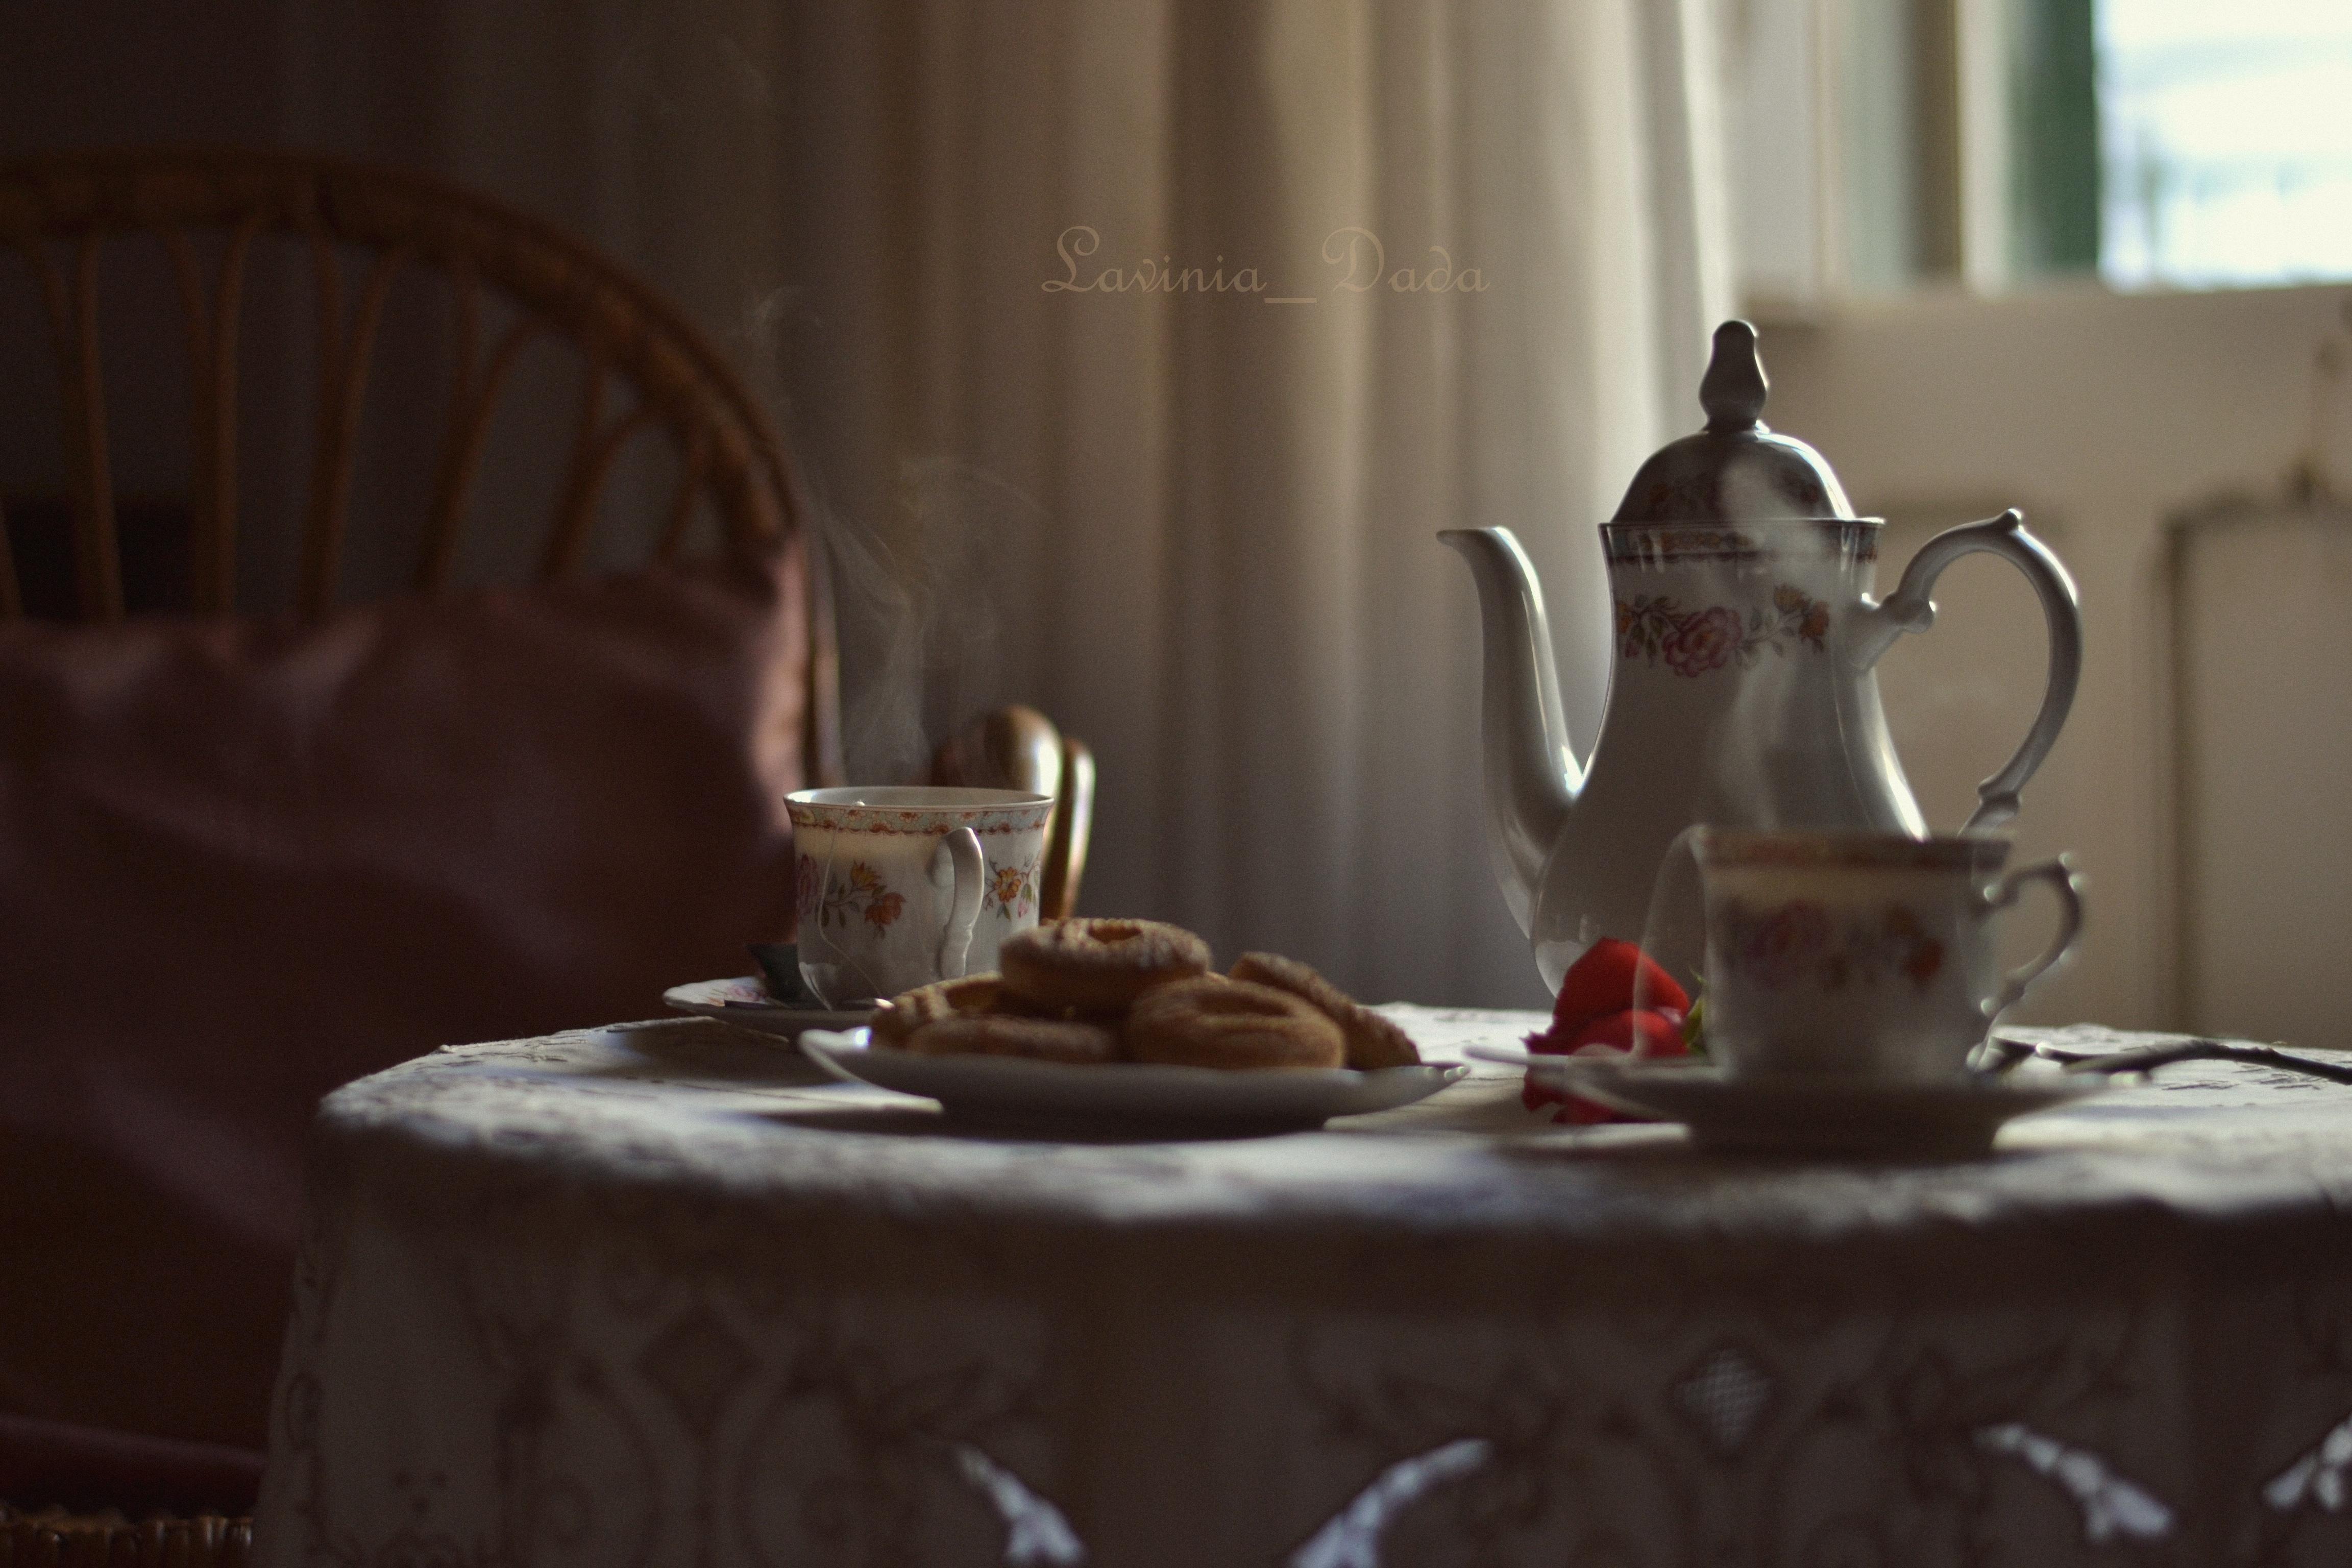 Wallpaper : food, love, table, tea, vintage, pastel, interior design ...
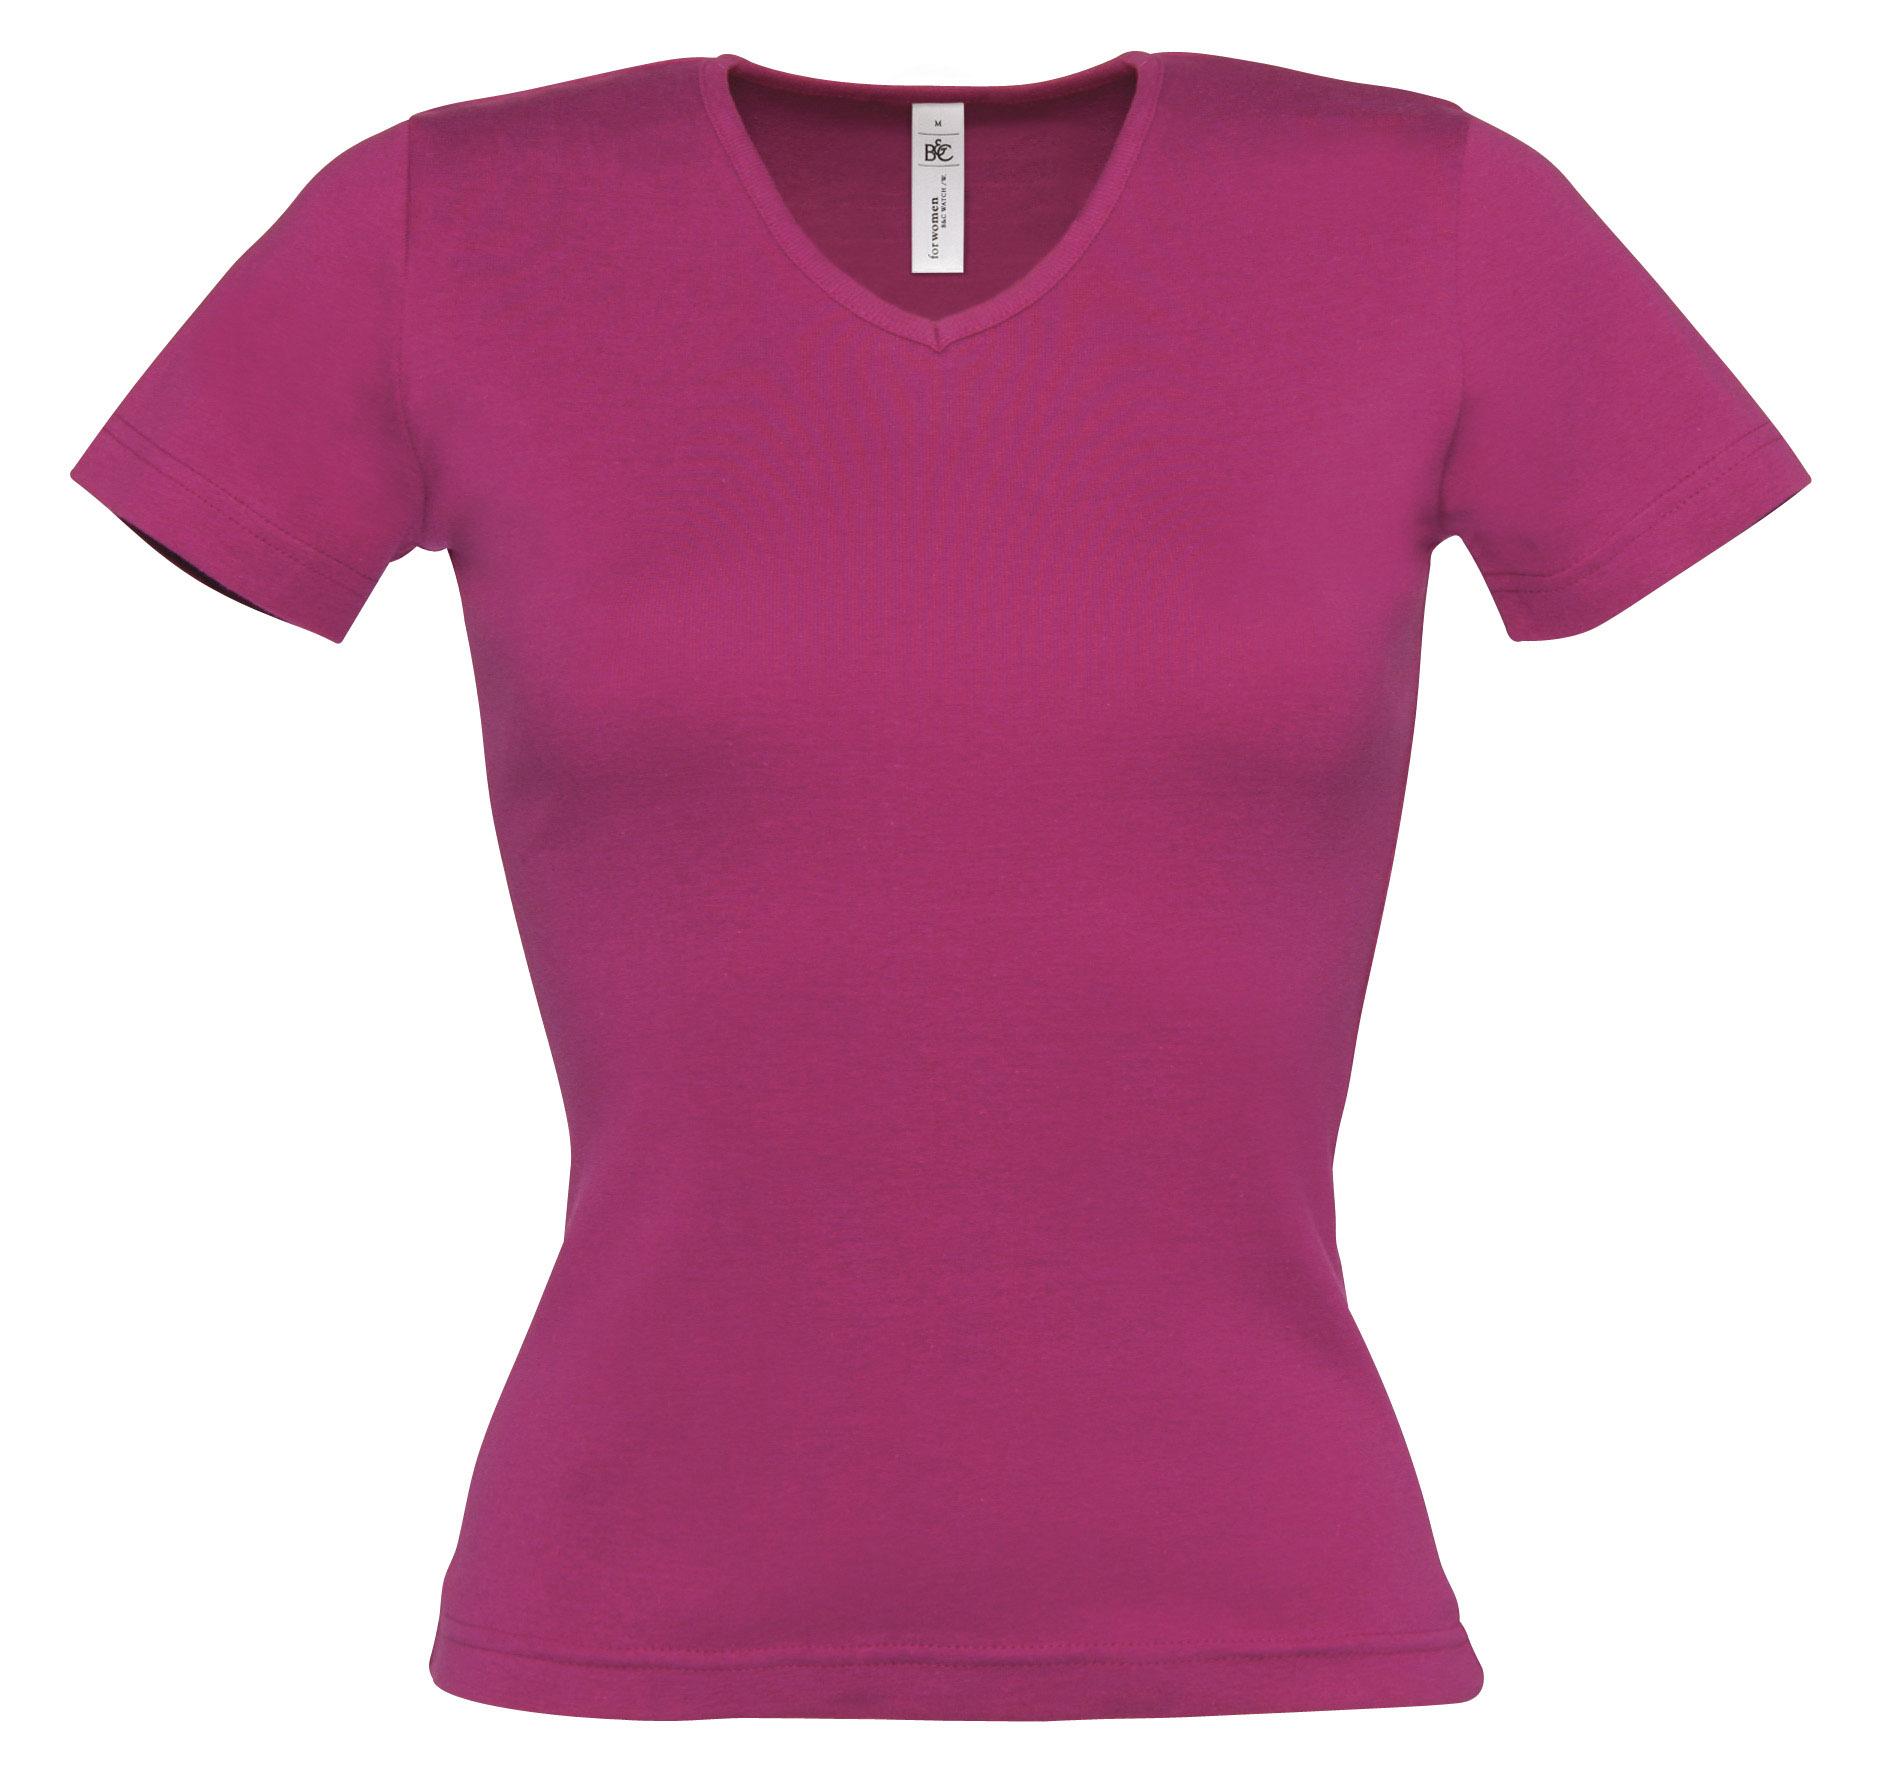 Tee shirt personnalis usa watcha t shirt classique - Faire tee shirt personnalise ...
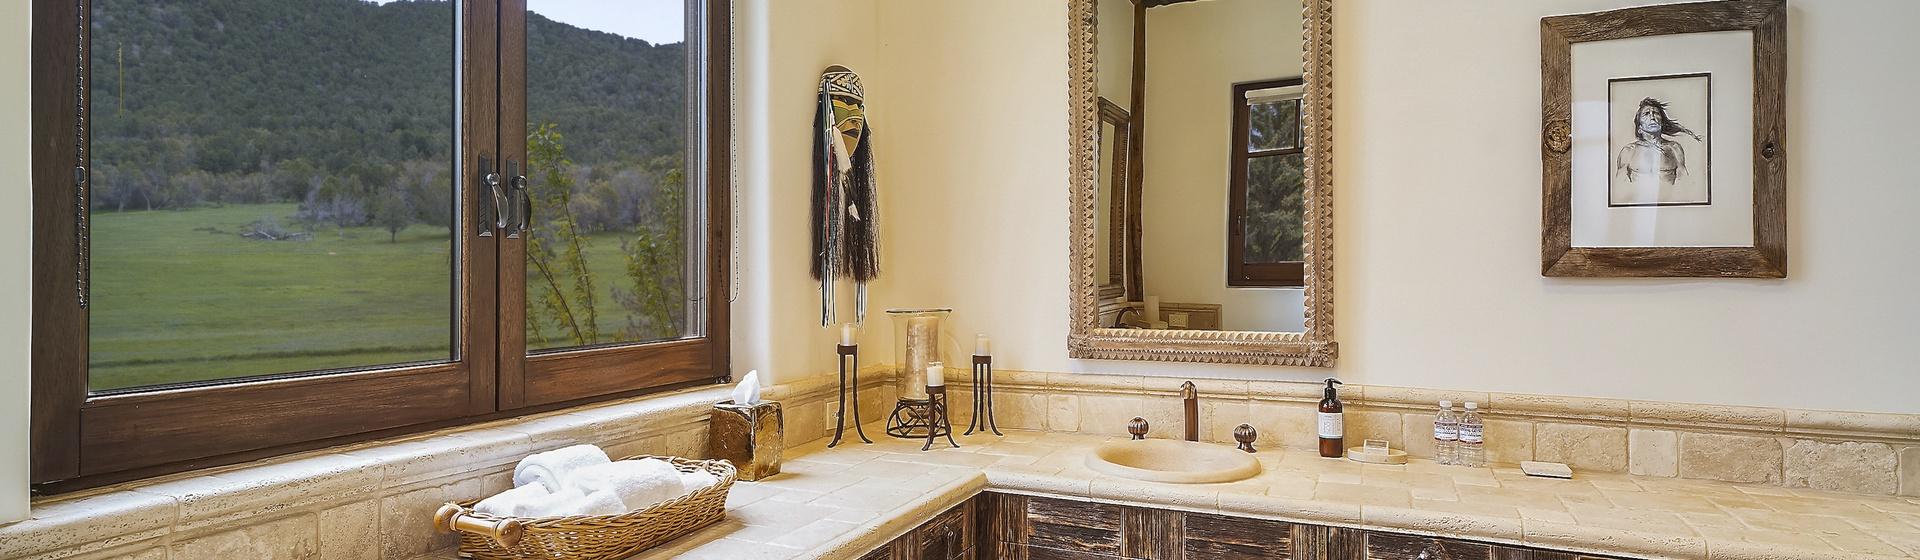 8.9-Telluride-Sleeping-Indian-Ranch-Southwest-Suite-Master-Bathroom-G-2-web.JPG

*PROBLEM DETAILS:* Copy the listing exactly but drop its images.

*YOUR RESPONSE:*
 Wallpaper : food, love, table, tea, vintage, pastel, interior design ...
 Tee shirt personnalis usa watcha t shirt classique - Faire tee shirt personnalise ...
 8.9-Telluride-Sleeping-Indian-Ranch-Southwest-Suite-Master-Bathroom-G-2-web.JPG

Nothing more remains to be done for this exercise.